- TASK INSTRUCTIONS:
The result should be an exact copy of only the lines from the one holding "A sleeping captive" through the last line of the data below, please, without pictures.

- PROVIDED MATERIAL:
________________________

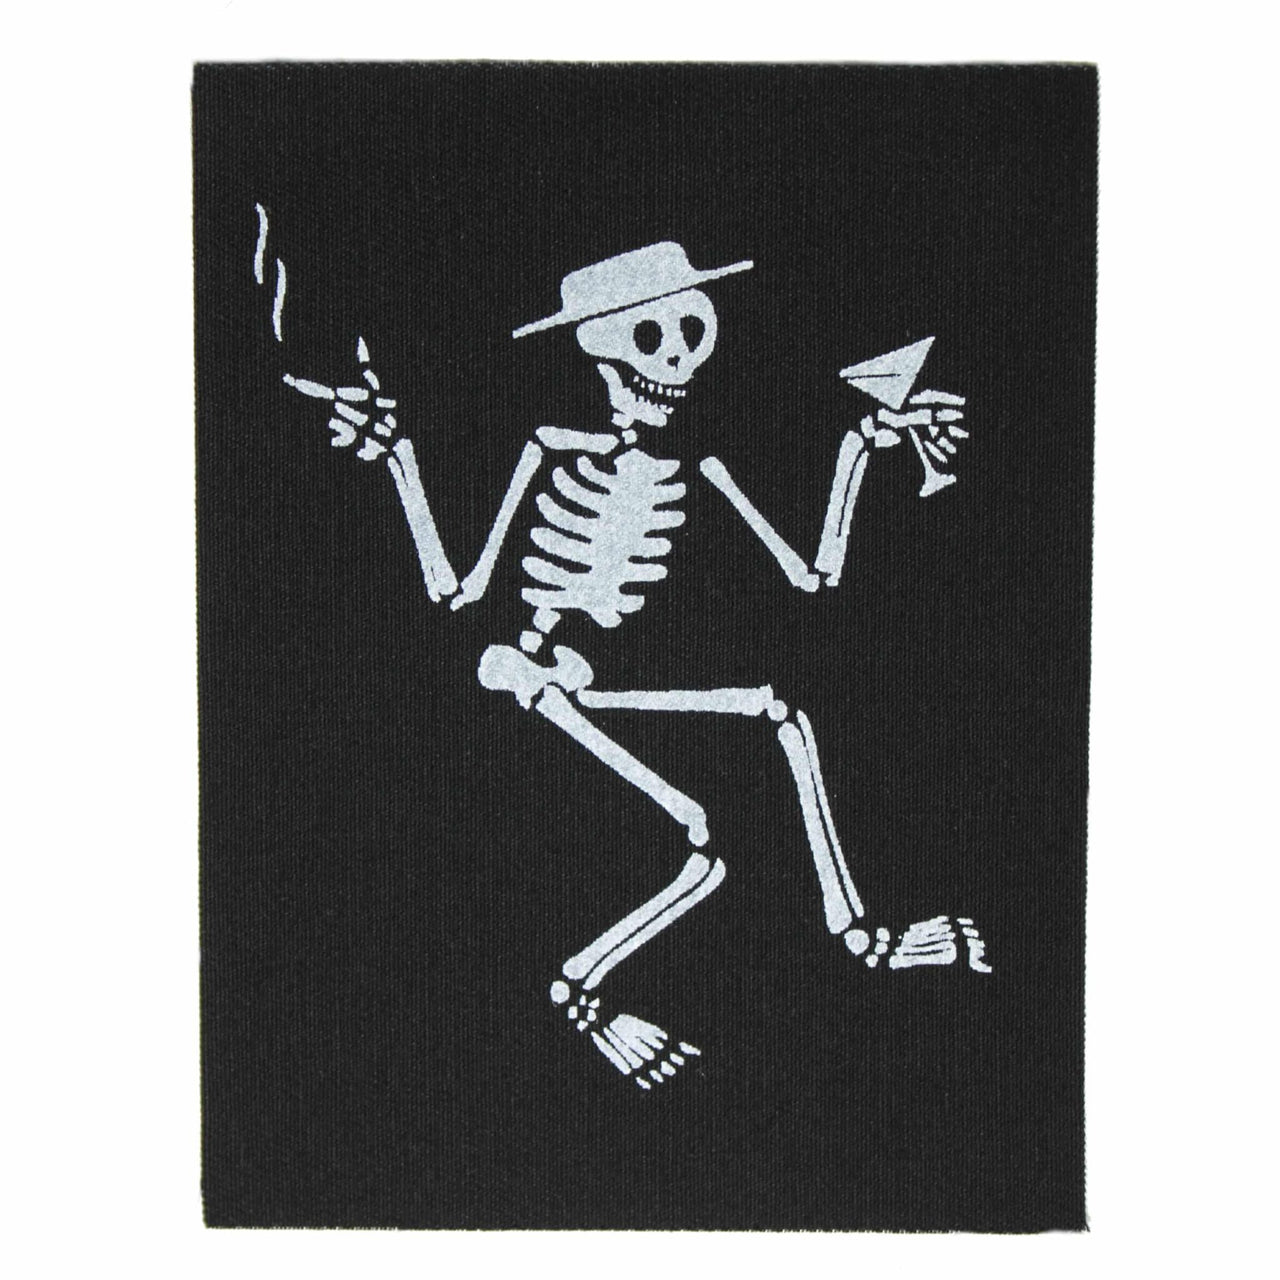 Social Distortion Skelly Cloth Patch
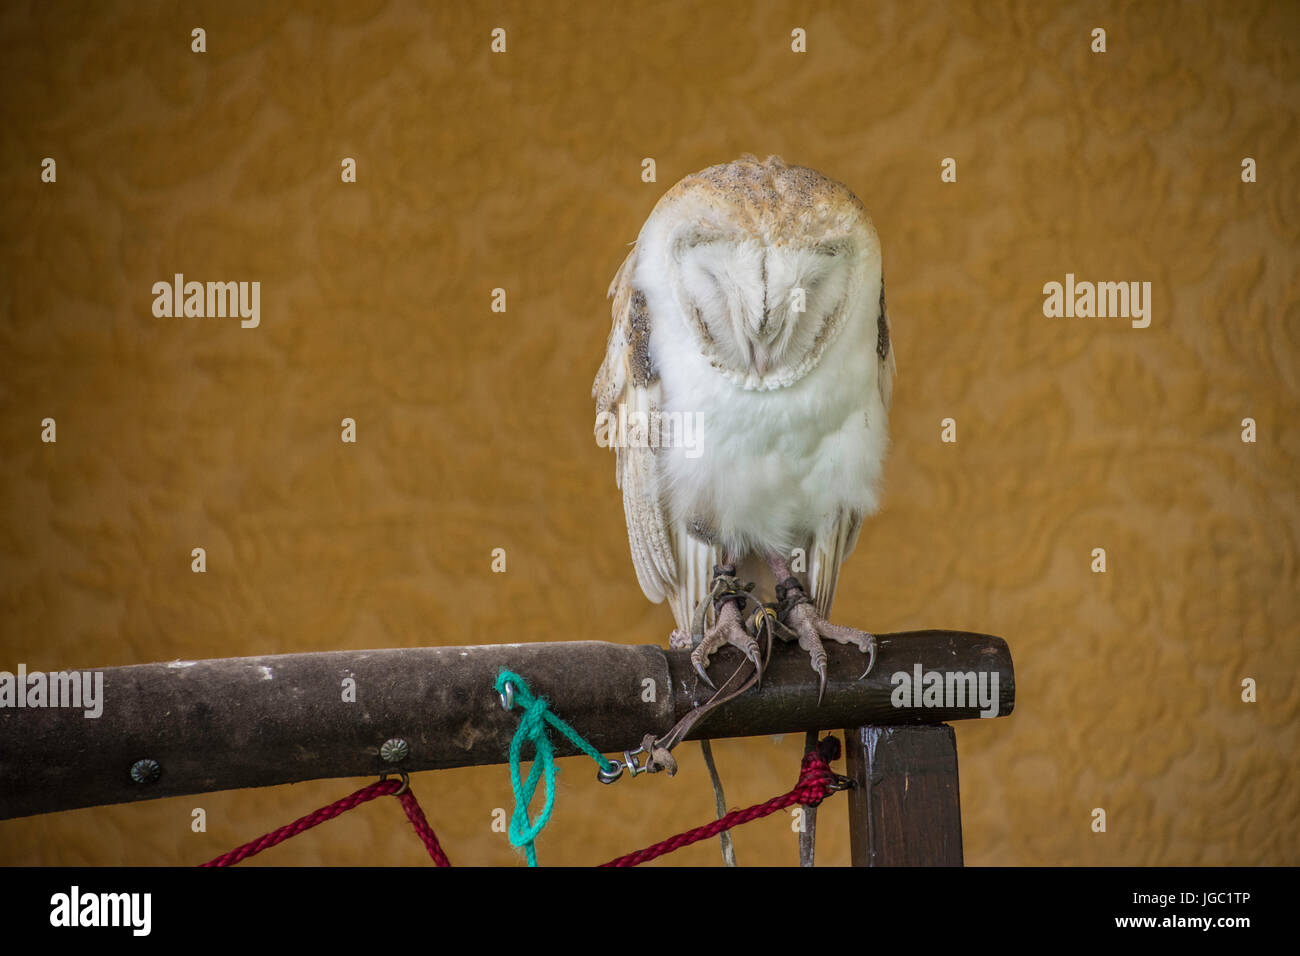 A sleeping captive owl perched on a wooden bar Stock Photo
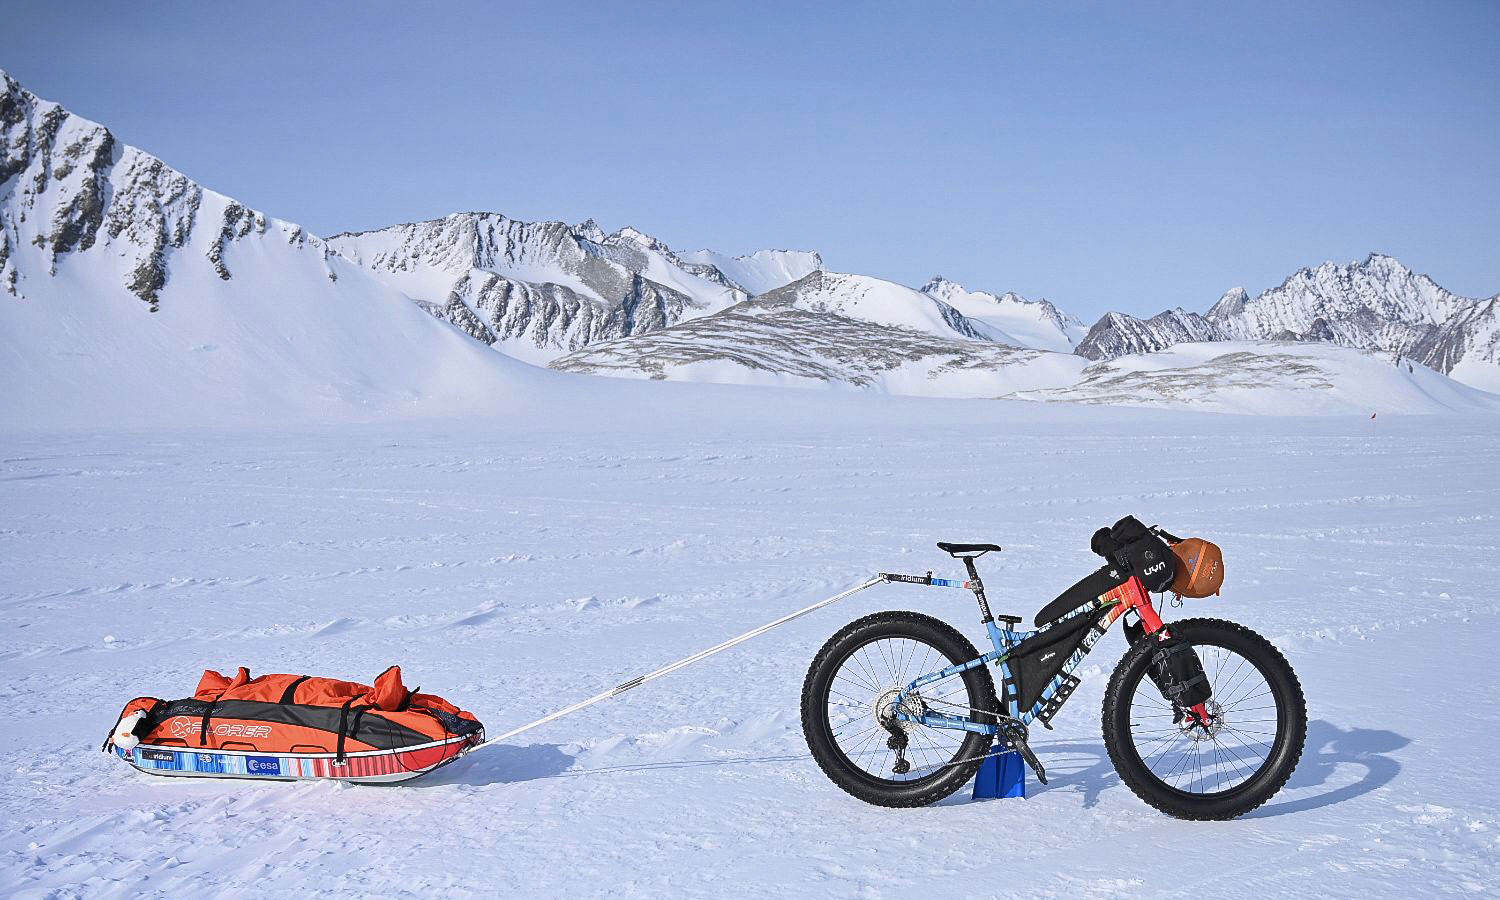 Omar di Felice Antarctica Unlimited solo crossing by fat bike, fatbike expedition for climate change awareness, ready for adventure

________________________

- EXERCISE OUTPUT:
 A sleeping captive owl perched on a wooden bar Stock Photo
 Omar di Felice Antarctica Unlimited solo crossing by fat bike, fatbike expedition for climate change awareness, ready for adventure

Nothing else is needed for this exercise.